Black Lives Matter-Los Angeles and several individuals, with assistance from the American Civil Liberties Union, have challenged a series of curfew orders in Los Angeles and San Bernardino County on several grounds, including First Amendment claims of freedom of speech and assembly.

Los Angeles Mayor Eric Garcetti has issued a series of curfew orders that essentially ban public assembly protests during the evening. His fifth city-wide curfew order prohibits people from leaving their homes from 9 p.m. to 5 a.m.

The City of San Bernardino also issued curfew orders that limit persons from leaving their homes from 6 p.m. to sunrise. The San Bernardino orders include an exemption for travel to and from religious meetings.

Black Lives Matter-Los Angeles contends that these curfew orders limit their ability to engage in peaceful political protests.

“Political protest is a fundamental component of BLM’s struggle for freedom and justice,” the complaint in Black Lives Matter-Los Angeles v. Garcetti reads. “BLM’s protests have been overwhelmingly peaceful; without any injury to persons or destruction of property. Its members have remained nonviolent during the protests, despite police action that often creates tense situations.”

Other plaintiffs in the lawsuit include Kimberly Beltran Villalobos, a first-year college student; Eric Stith, a software engineer; Lexis Olivier Ray, a housing and justice reporter at L.A. Taco, a news website; and Thomas Dolan, executive director of Inland Congregations United for Change. 

Ray, the reporter, contends he fears arrest for violating the Los Angeles curfew orders, because those orders exempt only media with official Los Angeles Police Department press credentials. Ray has a press credential with his outlet L.A. Taco but not an official one from the LAPD.

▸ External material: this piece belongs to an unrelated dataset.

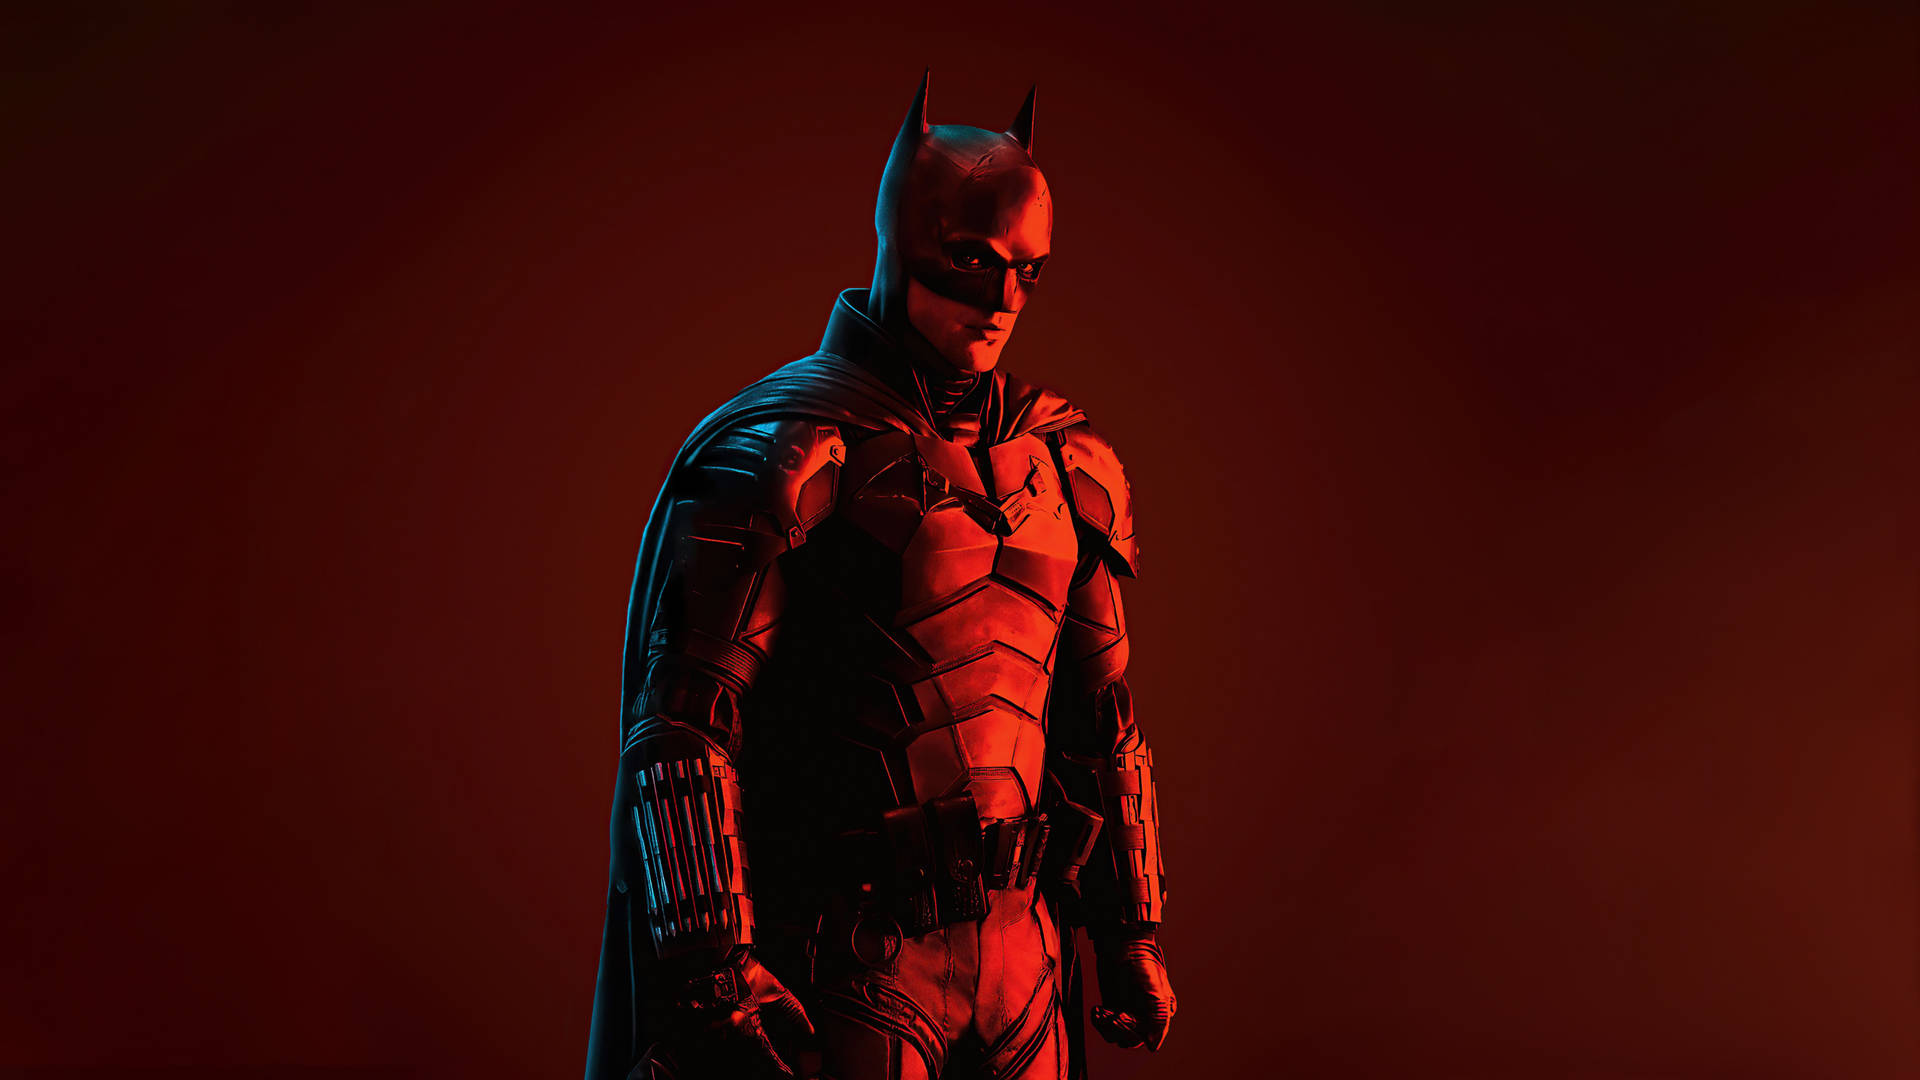 Dark Knight Rises – Batman in heroic view Wallpaper

The plaintiffs challenged these orders on several grounds, including the First Amendment freedoms of speech and assembly. “Defendants’ curfews dramatically restrict free speech by entirely suppressing all demonstrations occurring after 6 p.m. in the case of the City of San Bernardino and 9 p.m. in the case of the City and County of Los Angeles,” the complaint reads.

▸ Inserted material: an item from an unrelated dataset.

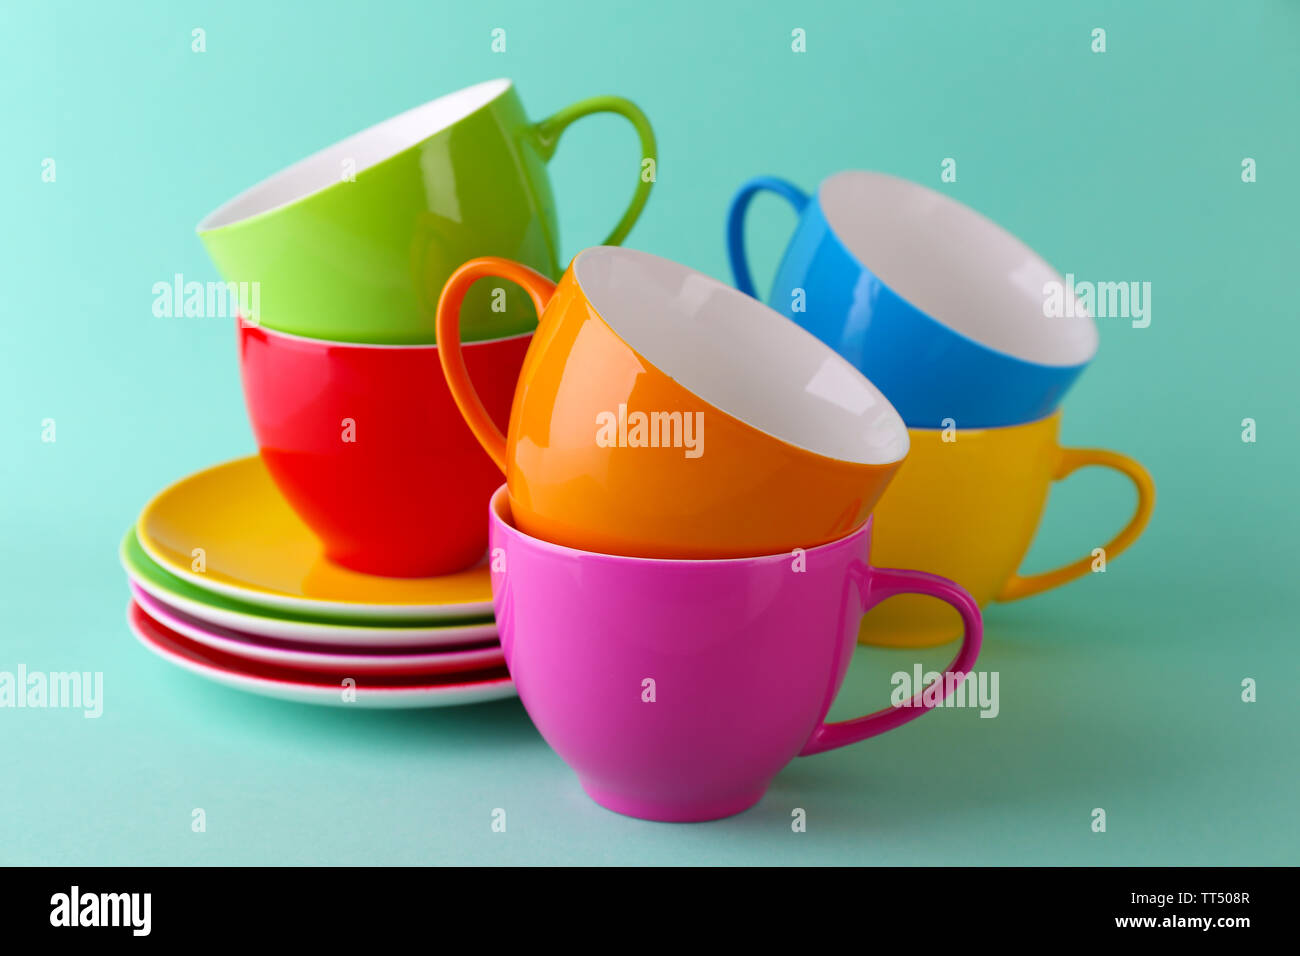 Bunte Tassen und Untertassen auf farbigen Hintergrund Stockfotografie -  Alamy

The lawsuit also claims that San Bernardino’s executive order violates the establishment clause of the First Amendment, because it exempts “persons travelling to or from work or religious meetings.” The lawsuit contends that the exemption for religious meetings but not political-party meetings or other meetings amounts to the government’s advancing religion, forbidden by the establishment clause.

David L. Hudson Jr. is a professor at Belmont University College of Law who writes and speaks regularly on First Amendment issues. He is the author of First Amendment: Freedom of Speech (2012), of a 12-part lecture series titled Freedom of Speech: Understanding the First Amendment (2018), and of a 24-part lecture series, The American Constitution 101 (2019).